Aim: To evaluate the metabolic control and β-cell function 1 yr after the end of the European multicentre randomized Pediatric Onset Study.
Methods: Of 154 study patients, 131 were re-examined 24 months after type 1 diabetes onset (49.6% boys, age at onset 8.9 ± 4.3 yrs). Of which, 62 patients belonged to the primary group of the main study applying a sensor-augmented pump system during the first yr and 69 patients to the control group performing conventional insulin pump therapy with self-monitoring blood glucose. HbA1c, fasting blood glucose, and C-peptide were centrally measured (Clinical Trail Registration Number: ISRCTN05450731).

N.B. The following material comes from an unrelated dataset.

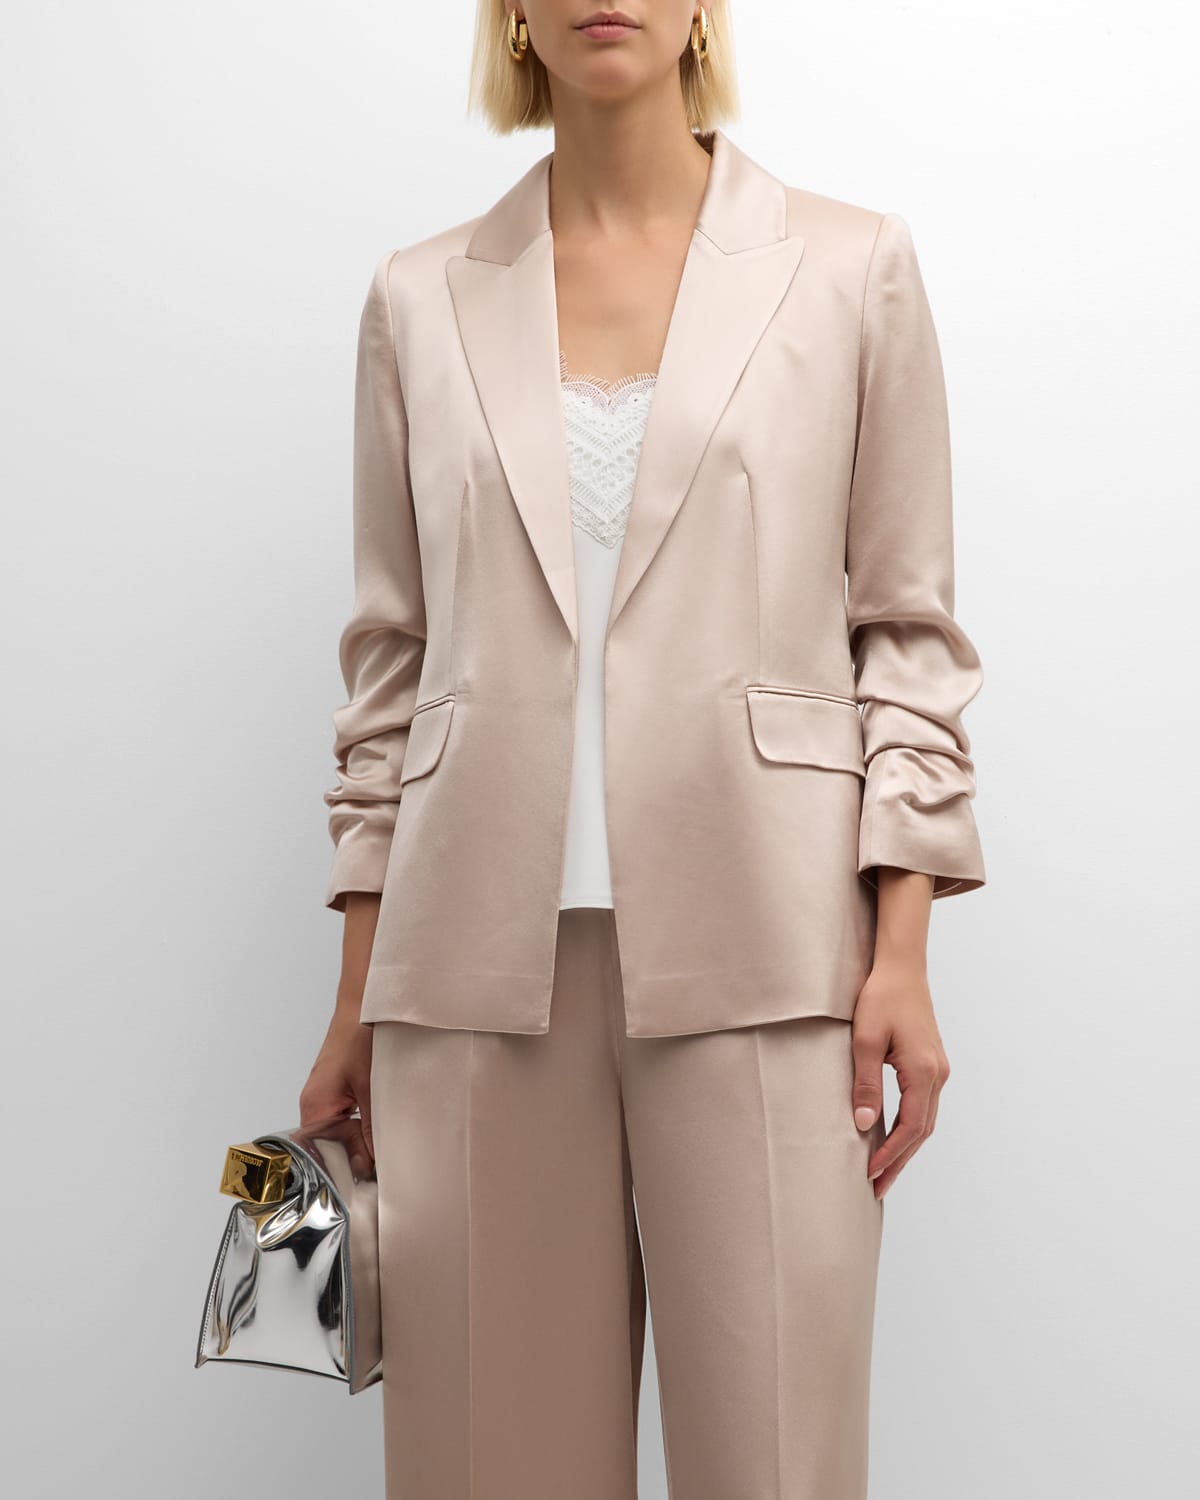 The Ashlynn Ruched Open-Front Jacket

Results: At 24 months, i.e., 1 yr after the end of the interventional study, 52.4% of the patients used the sensor-augmented pump system, 46.0% conventional pump, and 1.6% multiple daily injections. HbA1c was 7.6 ± 1.3% in the primary and 7.7 ± 1.2% in the control group (p = 0.493). Frequent sensor use during the first yr was associated with statistically insignificant lowering of the HbA1c at 24 months (p = 0.236) as compared with irregular or no sensor use (7.4 ± 1.0% vs. 7.7 ± 1.3%). Although fasting C-peptide was not clearly different between the primary and control group (0.13 ± 0.17 vs. 0.09 ± 0.10 nmol/L, p = 0.121), patients with frequent sensor use had significantly less C-peptide loss within 24 months (C-peptide reduction 0.02 ± 0.18 vs. 0.07 ± 0.11 nmol/L, p = 0.046). There was no difference between the groups regarding daily insulin requirements.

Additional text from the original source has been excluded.